The devil hates the church. Since he cannot defeat the Church, he must try to join the Church. We should remain on guard as Christians to protect the
Church against the evil that is Islam.
response to OKIE
I'm reminded of something Christ himself said "It is not right to take the children's bread and give it to the dogs" and of course the verse in 1 Timothy about the man who doesn't take care of his own being worse than an unbeliever.
Why did God tell you to love your neighbor and not to love all of humanity? Because you simply can't do the latter. Your responsibility to your fellow man goes out in concentric circles. Your spouse, your children, your family and close friends, your community, your country, and then the world. Some people are called to drop everything and head to the other side of the world to minister, but they are the exception. For most of us, your responsibility follows those concentric circles. You have a responsibility to your countrymen before you have a responsibility to these so called refugees. These extreme Muslims bring death and ruin where ever they go. Call that statement "harsh" "bigoted" or "hateful" if you must but an good hard look, heck even a quick glance, at Europe's current state would tell you it's true. However much you may pity them, for you to welcome these death worshipers into your land at the obvious peril of your fellow countrymen is, well....I believe that verse in 1 Timothy said it best.

-The Bechtloff
-youtube.com/thebechtloff
Jesus was a refugee
Among loving God and our neighbors, let's not forget that Jesus was a refugee...as were many others in the Bible. Will we be able to act kindly to "the least of these?"
You'll have to show me where the Bible instructs a nation that it may not guard its borders. My understanding of Biblical teaching is that we are under the authority of our nation's laws. It teaches we must treat aliens in our midst equally under our laws, which we do. I just don't see where it teaches the globalists' doctrine of open borders.

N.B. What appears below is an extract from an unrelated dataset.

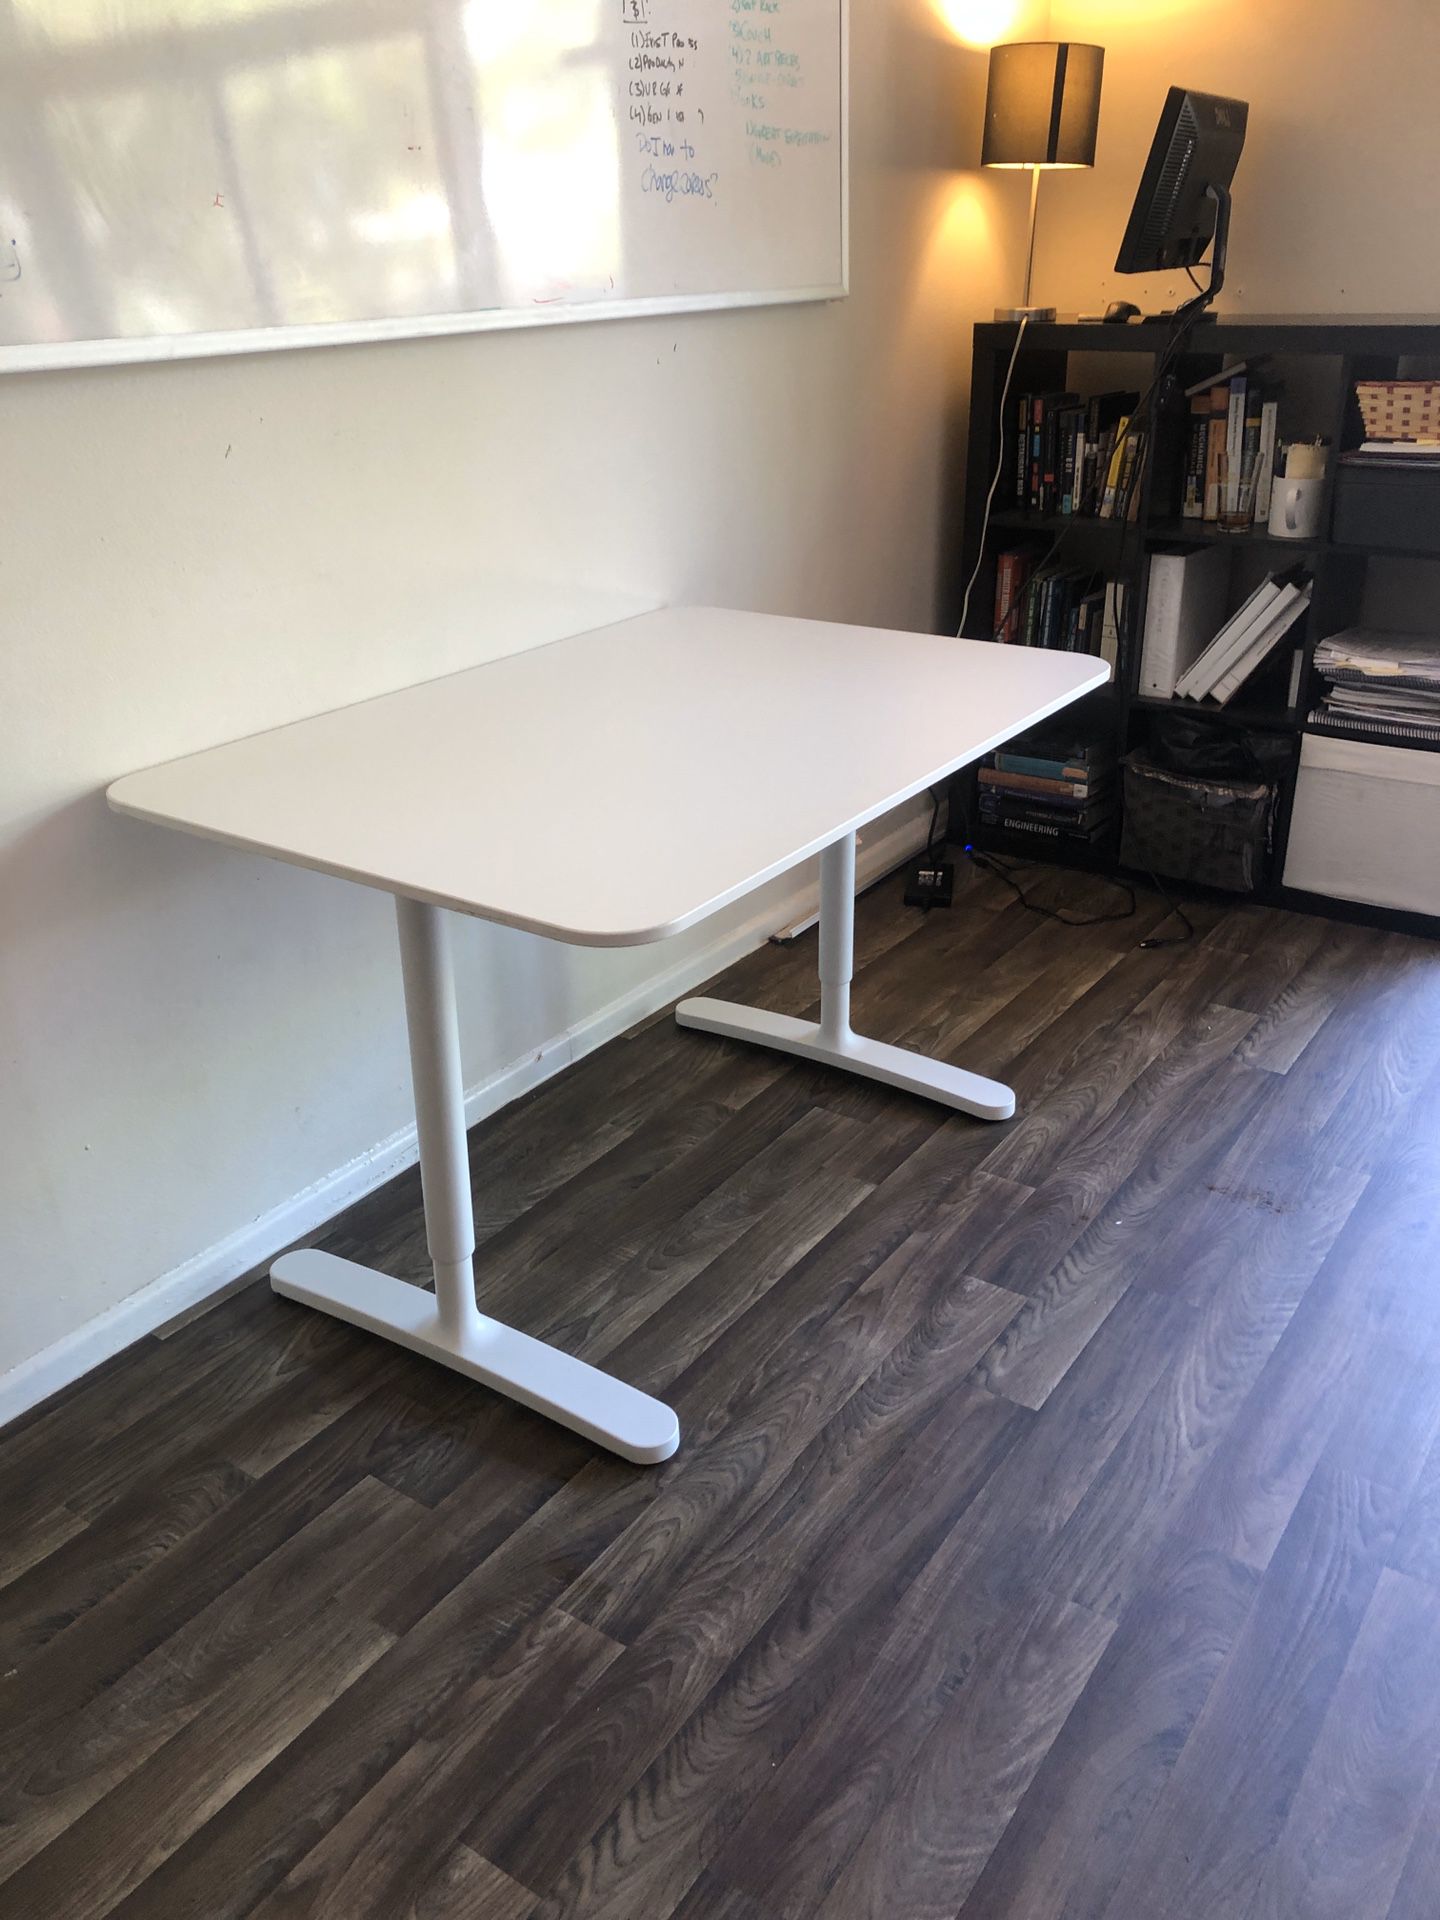 BEKANT IKEA Office Desk — 47 1/4” x 31 1/2” with Adjustable Height.

"If the President’s order turns out to be a first step in fulfilling his campaign promise to ban all Muslim immigration, Christians must protest vigorously."

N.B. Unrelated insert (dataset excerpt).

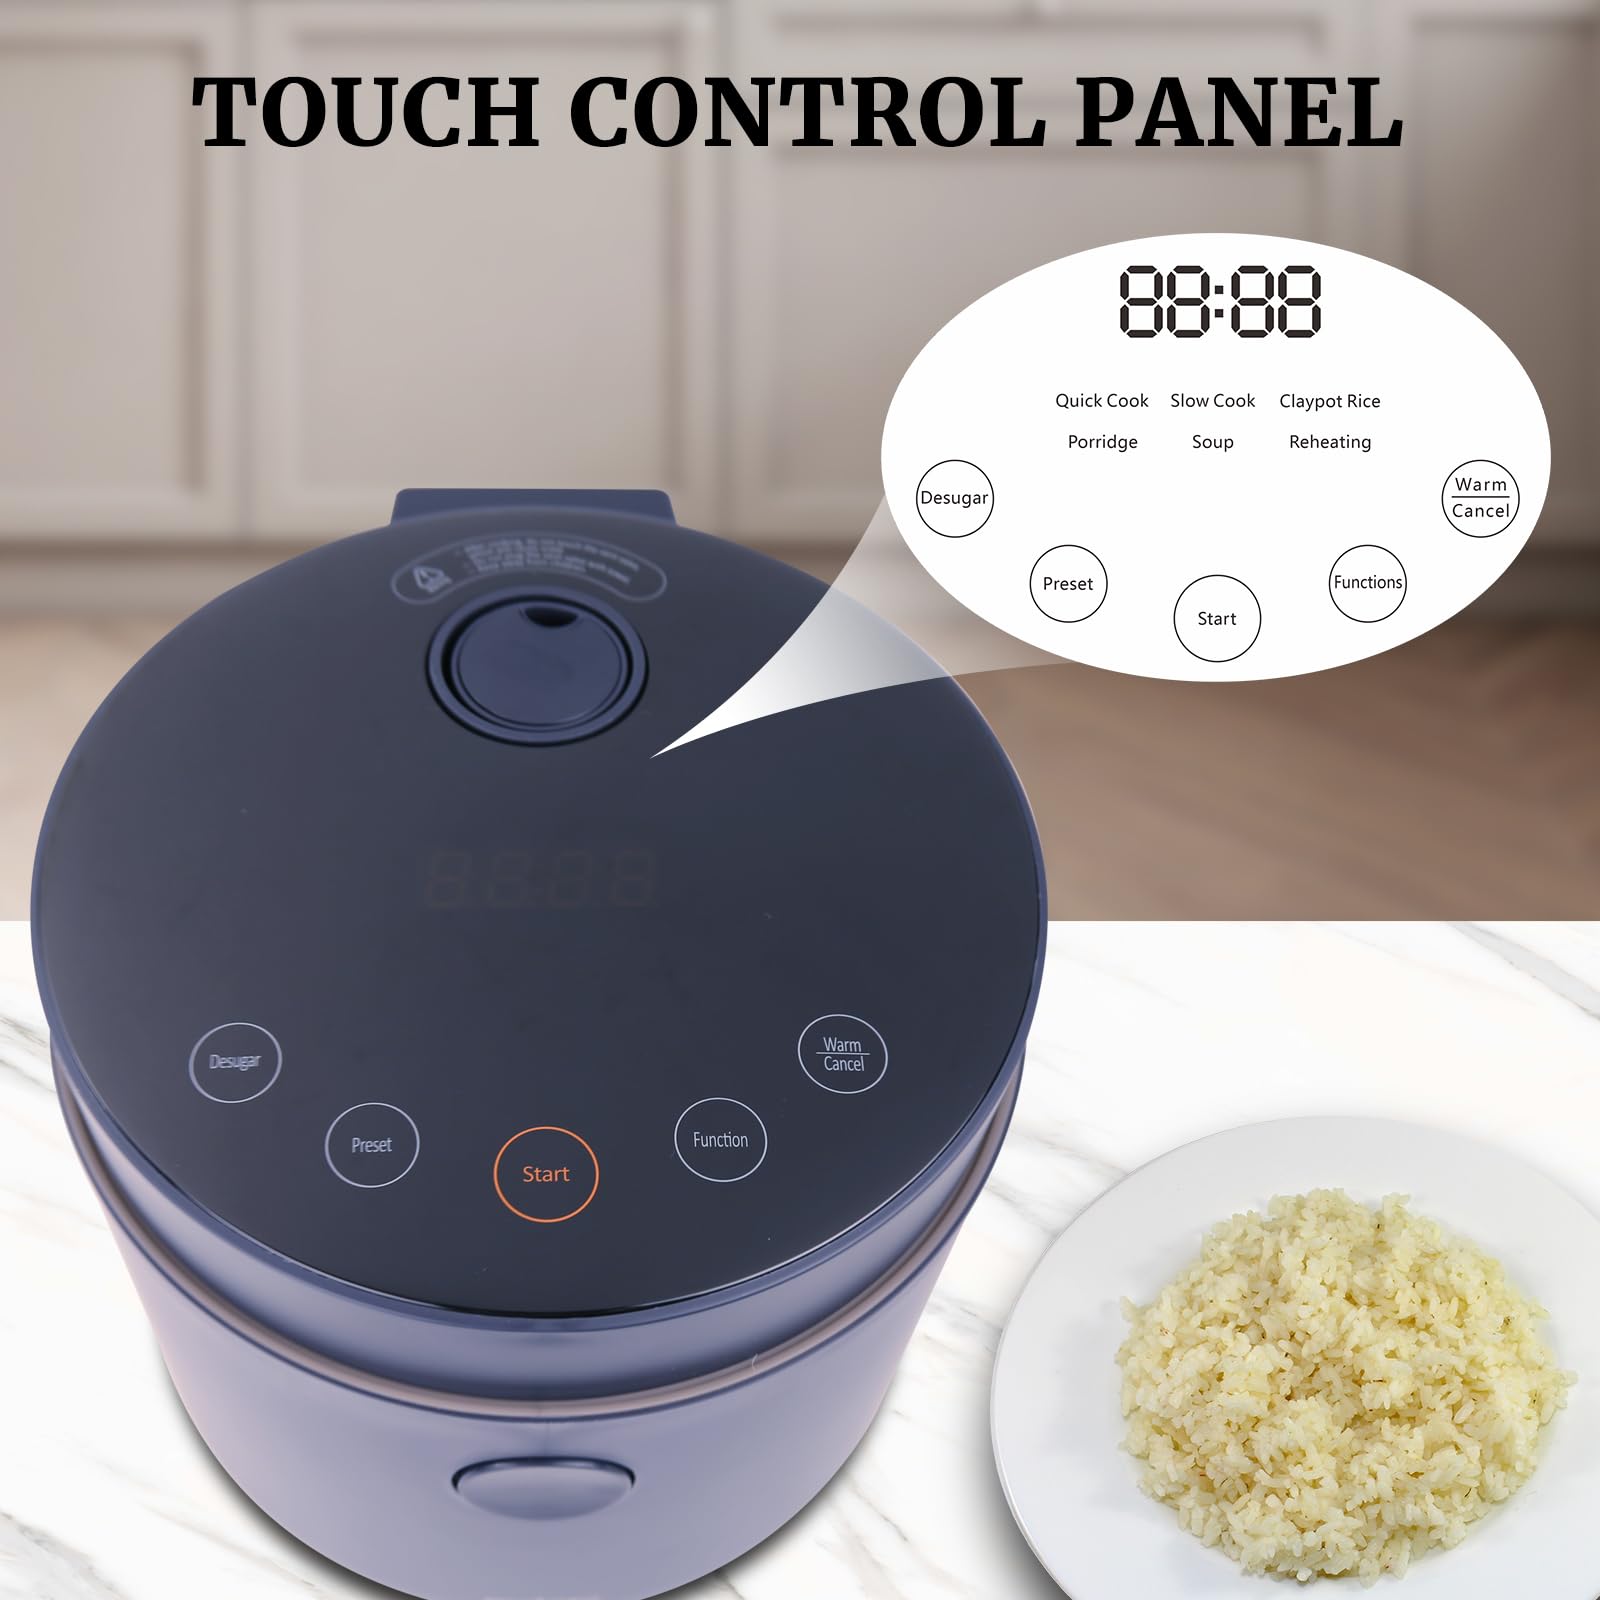 Clivia  Low Carb Rice Cooker, 7 Functions Rice Pot 4 Cups Uncooked Rice with Stainless Steel Steamer MINI Desuger Smart Cooker Non-stick Inner 24H Delay Timer

Why? No non citizen has any right to immigrate to the US. And as a sovereign nation we have the right to refuse entry to anyone for any reason. And I would say belonging to a death cult that has been in a near de facto state of war with the rest of humanity for nearly its entire history, is a pretty good reason. Banning Islam within the US would violate the First Amendment, banning Muslim immigration however does not.